1) The load seen seems to be on par with the highest loaded instances we have in us SaaS production. The TAS sizing was not appropriate for the load.
Detail: The issues we have seen in the customer environment were due to TAS utilization of over 120%. The vertex and edge caches were at full capacity which caused the increase in the response times. We upsized the TAS instance to provide enough headroom to consume the spikes. We found out that the load of the system increased by 100% on 8th of the Apr. We see big vertices of size 200KiB to 300KiB.
2) Applied configuration changes to apmservices-gateway to prevent intermittent restarts.
1) Identity what changed on the 8th Mar and caused the spike in the load and increase in the count/size of the vertices
2) Ensure we are not overwhelming tas from backed services once it is under load and ART goes up.
3/ Explore if queries/stores executed have some low-hanging fruit potential for optimization. (Implementing features discussed during our discussions in ITC will take more time, testing, ...) .

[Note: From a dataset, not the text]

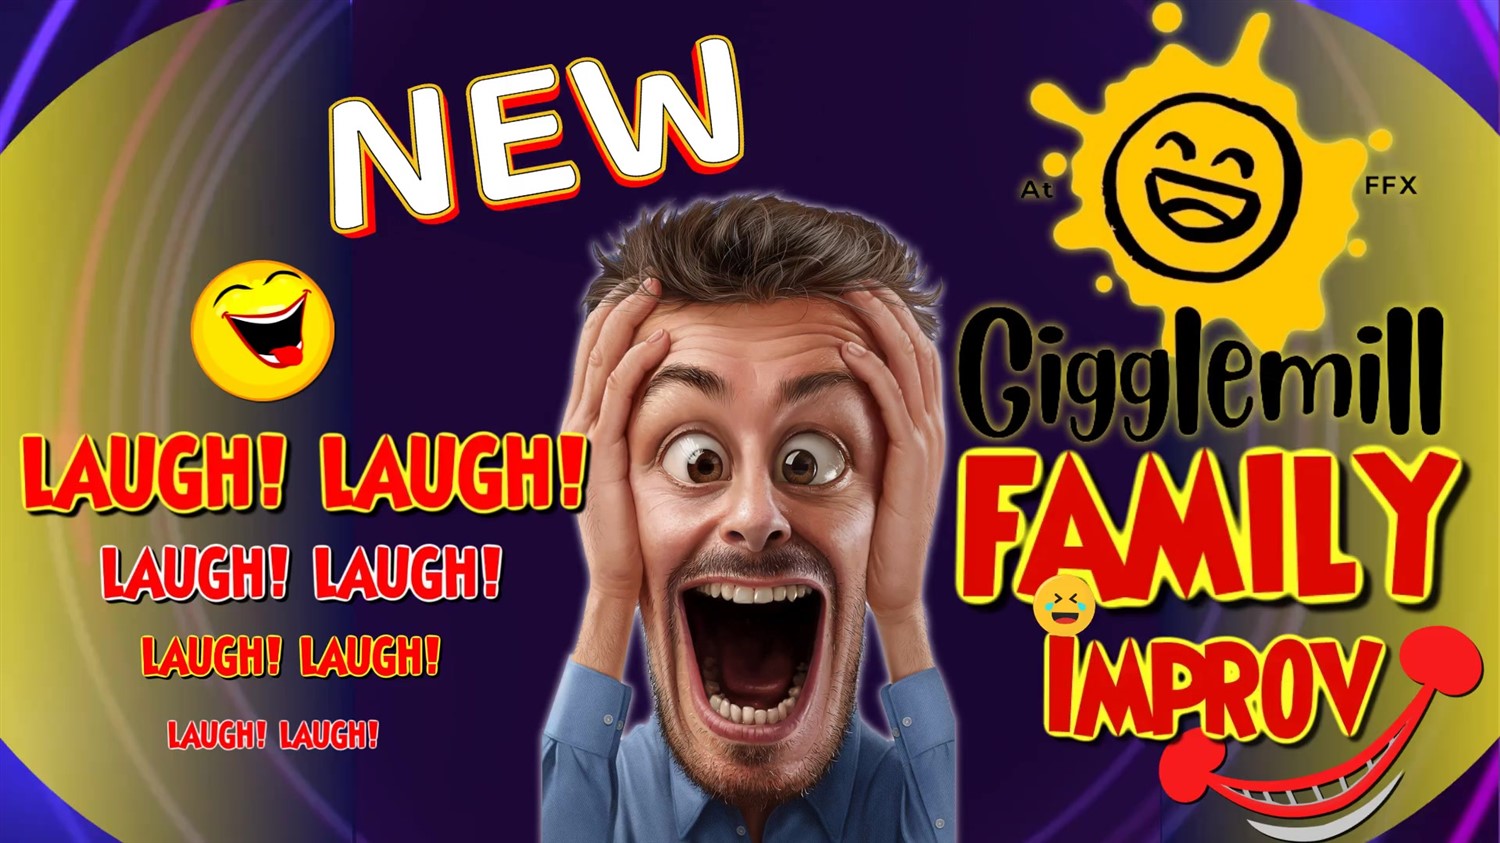 GIGGLEMILL - FAMILY IMPROV SHOW Whose fun is it anyway? Yours! on Jun 08, 19:00@FFX Theatre - Pick a seat, Buy tickets and Get information on Family Fun Xperience tickets.ffxshow.org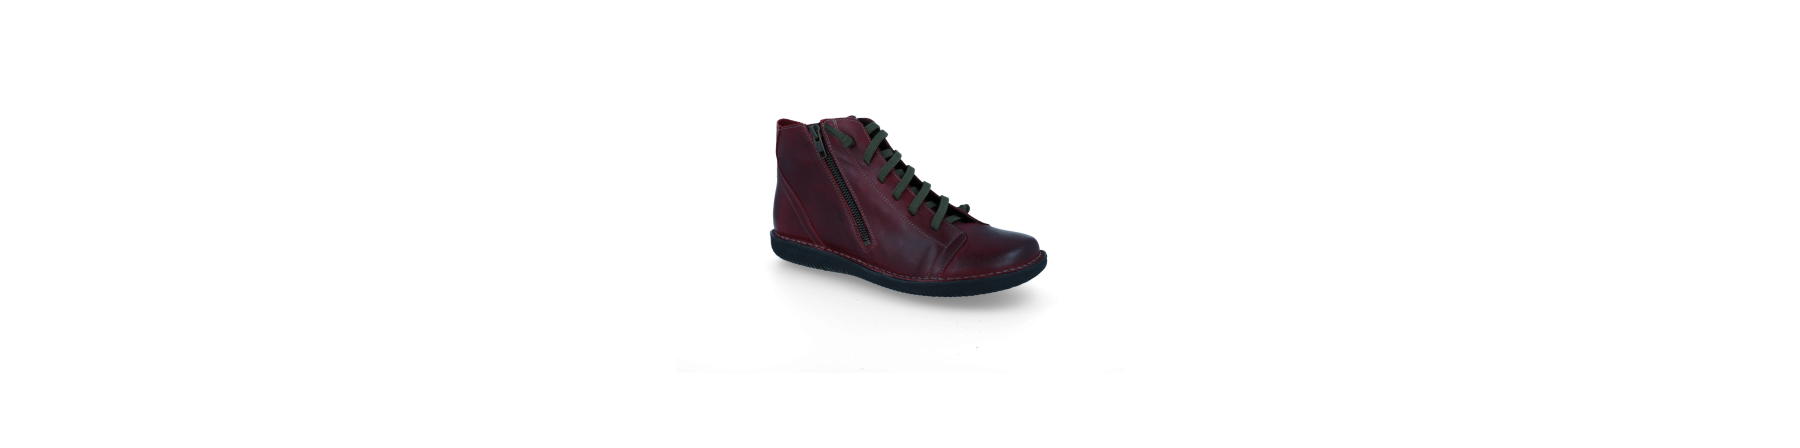 BOTINES CONFORT MUJER MOD. MOUNTAIN

technical note regarding timeouts;
Our services (even if in a different namespace) should not go through ingress but talk to apmservices-gateway k8s service. Unless something is adjusted by the installer our default nginx read/send timeouts should be 600 sec.
For internal service REST calls to apmservices-gateway 30 seconds timeout might be too aggressive. Historically for REST calls to internal services, the timeouts were 300 seconds with backoff. For the reactive calls, there are in general no timeouts now configured (with the exception to rate limiting on specific endpoints). The general suggestion is to move all data-store API calls to RSocket via data-store common clients package now.